Um investigador da Universidade de Trás-os-Montes e Alto Douro (UTAD) propôs-se desvendar "o mistério” da configuração dos edifícios do santuário rupestre de Panóias, em Vila Real, e já encontrou pedras semelhantes em igrejas e num caminho.
David Freire-Lista, doutorado em geologia e engenharia geológica, trabalha com cientistas de Espanha e França e disse, citado num comunicado divulgado hoje pela UTAD, que a configuração original dos edifícios que compunham o santuário “é um mistério" que, juntamente com a sua equipa de investigação, pretende desvendar nos próximos anos.
Classificado como monumento nacional desde 1910, o Santuário de Panóias foi construído na transição do século II para o século III pelo senador romano Caius Calpurnius Rufinus e foi dedicado às divindades infernais.
Está localizado em Vale de Nogueiras, concelho de Vila Real, é composto por três templos erigidos sobre fragas imponentes e possui cavidades de diversas dimensões onde tinham lugar os rituais e celebrações.
Convicto de que “as pedras falam e contam histórias dos tempos e das pessoas que viram passar, tornando-se parte da sua memória”, David Freire-Lista propôs-se procurar o destino que, ao longo dos séculos, levaram os silhares retirados do Santuário de Panóias.
Silhar é o nome que se dá à pedra usada, por exemplo, em obras de alvenaria ou para revestimento de paredes.
“Atualmente, encontra-se localizada uma pedreira histórica na zona do santuário e uma grande quantidade de blocos que faziam parte do santuário foram extraídos desta pedreira histórica e agora estão perdidos”, referiu o investigador.
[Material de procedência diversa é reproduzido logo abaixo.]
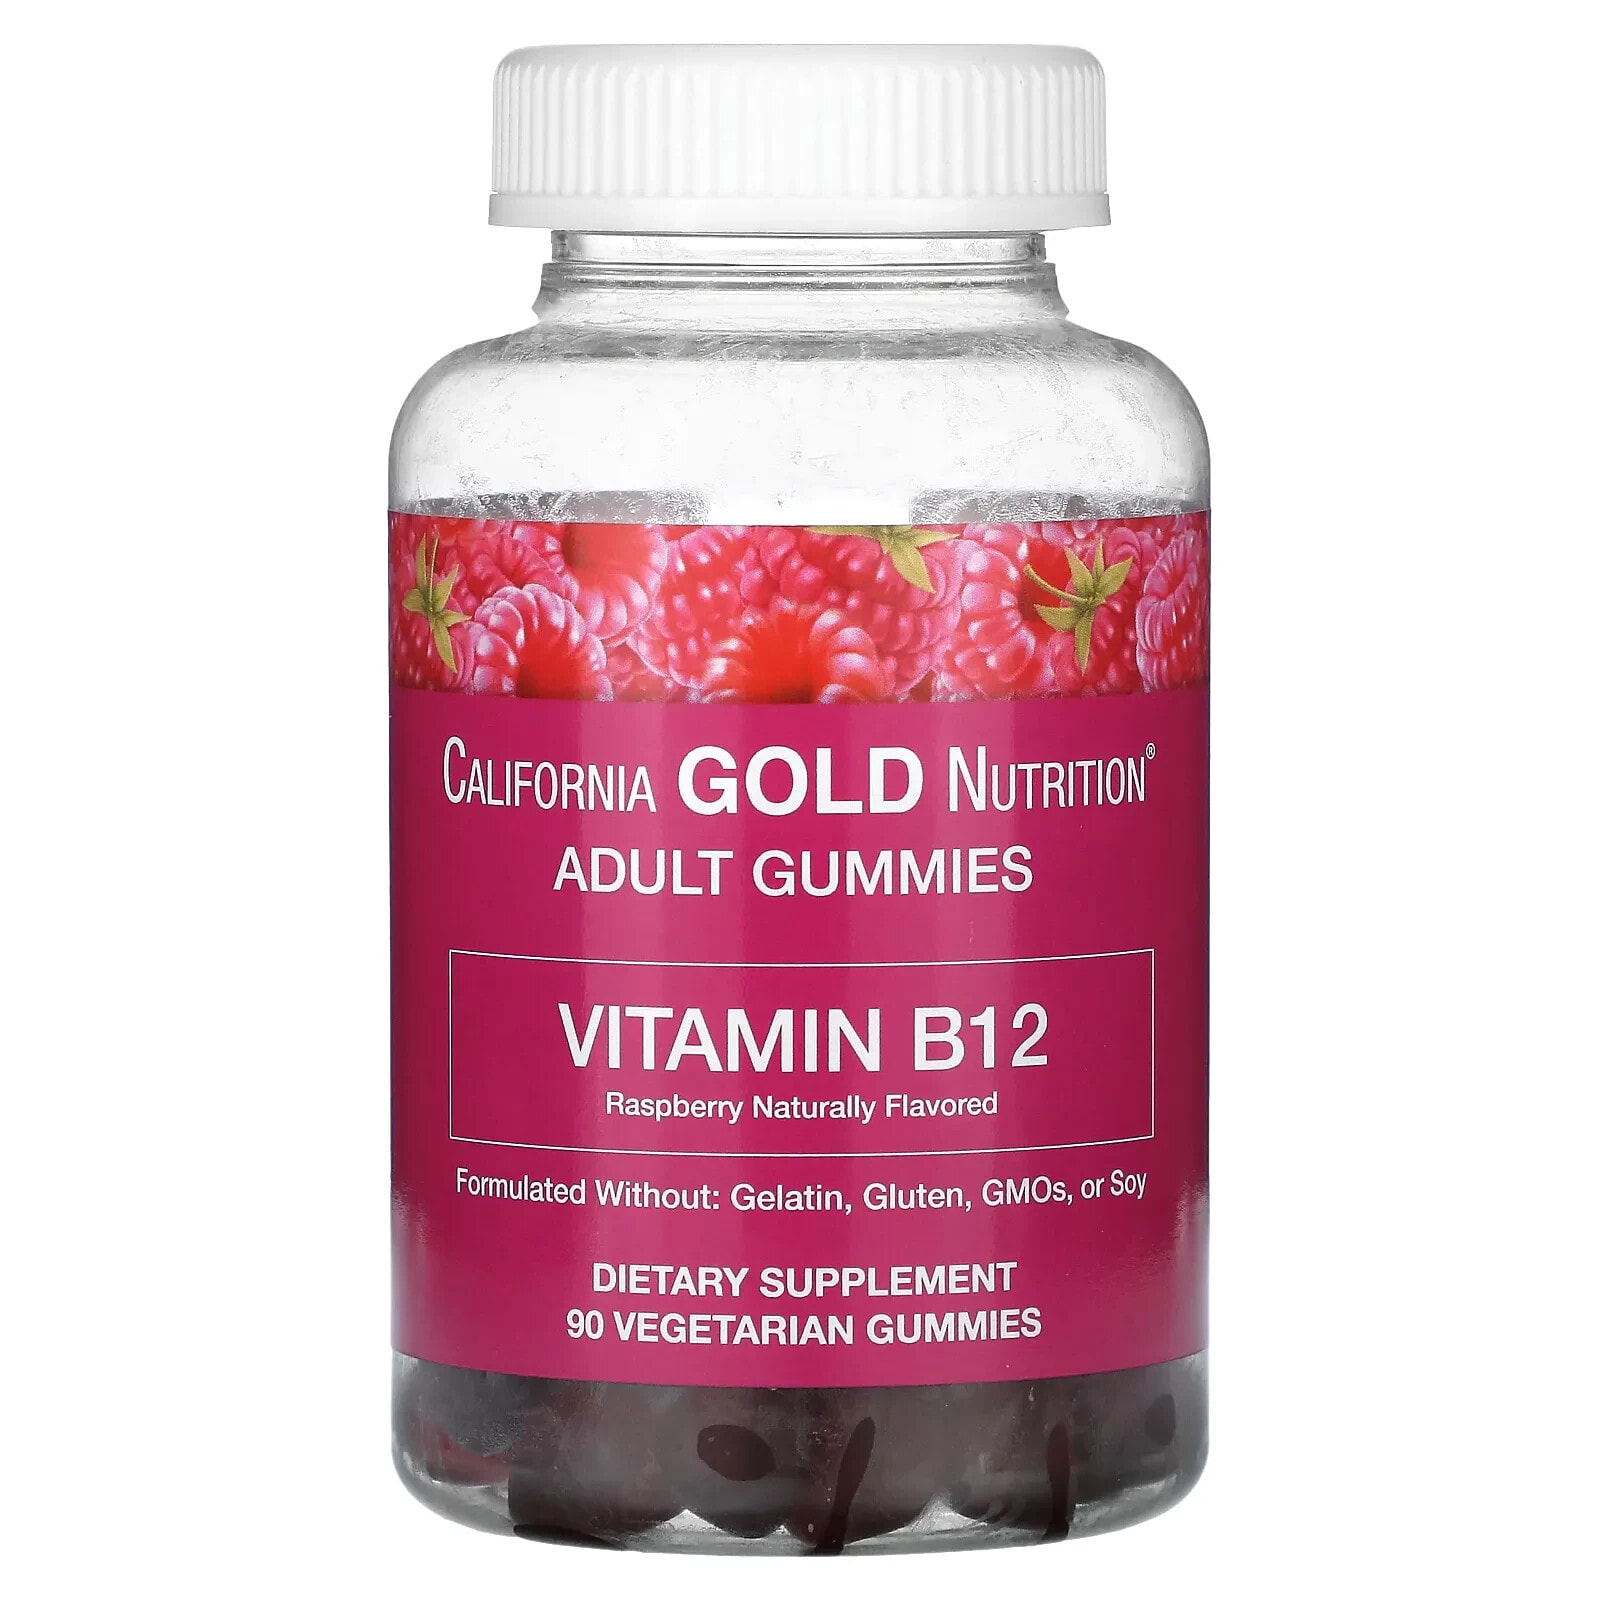 Vitamin B12 Gummies, Natural Raspberry Flavor, Gelatin Free, 3,000 mcg, 90 Gummies (1500 mcg per Gummy)

David Freire-Lista acrescentou que, “uma vez que este santuário deixou de ter função ritual, passou a ser utilizado como pedreira, e os vizinhos pegaram nos blocos de pedra que formavam as paredes dos prédios do santuário para reaproveitá-los em construções como casas e cercas”.
No entanto, o investigador defendeu que as pedras utilizadas no património edificado “são únicas e irrepetíveis, sendo possível conhecer alguns dos seus destinos”.
“Os canteiros artesanais deram aos blocos dimensões e acabamentos únicos, definidos pelo próprio artesão que esculpiu a peça. Cada golpe do entalhe ou martelo foi gravado na superfície do elemento de pedra”, salientou, explicando que, através de técnicas de conservação de património, como o ‘scaneamento’ a laser 3D, é “possível estudar e reproduzir os diferentes acabamentos superficiais que canteiros históricos deram às suas peças.”
De acordo com o especialista, hoje "é possível identificar a microrrugosidade dos silhares, ou seja, identificar o acabamento que cada pedreiro deu às suas peças e estudar os parâmetros de rugosidade para identificar quais os blocos que pertenceram ao santuário”, referiu.
Nesse sentido, referiu, “foram identificados silhares com características semelhantes preservadas nas imediações da igreja de São Pedro de Vale de Nogueiras, bem como na igreja de São Tiago de Folhadela, concretamente na fachada norte”.
Nesta igreja, especificou, os “silhares apresentam ainda um orifício central retangular que terá servido para introduzir as tenazes de uma grua de rodas utilizada pelos romanos.”
O especialista disse ainda que foi localizado um caminho em Folhadela com escombros de casas de Vale de Nogueiras, onde se podem observar “blocos soterrados que poderão também ter vindo originalmente do Santuário de Panóias”.
No entanto, advertiu que “a demolição de edifícios e casas históricas juntamente com o reboco das fachadas com cimento a partir do século XX torna mais difícil localizar todos os blocos que outrora enobreceram um santuário único na Península Ibérica”.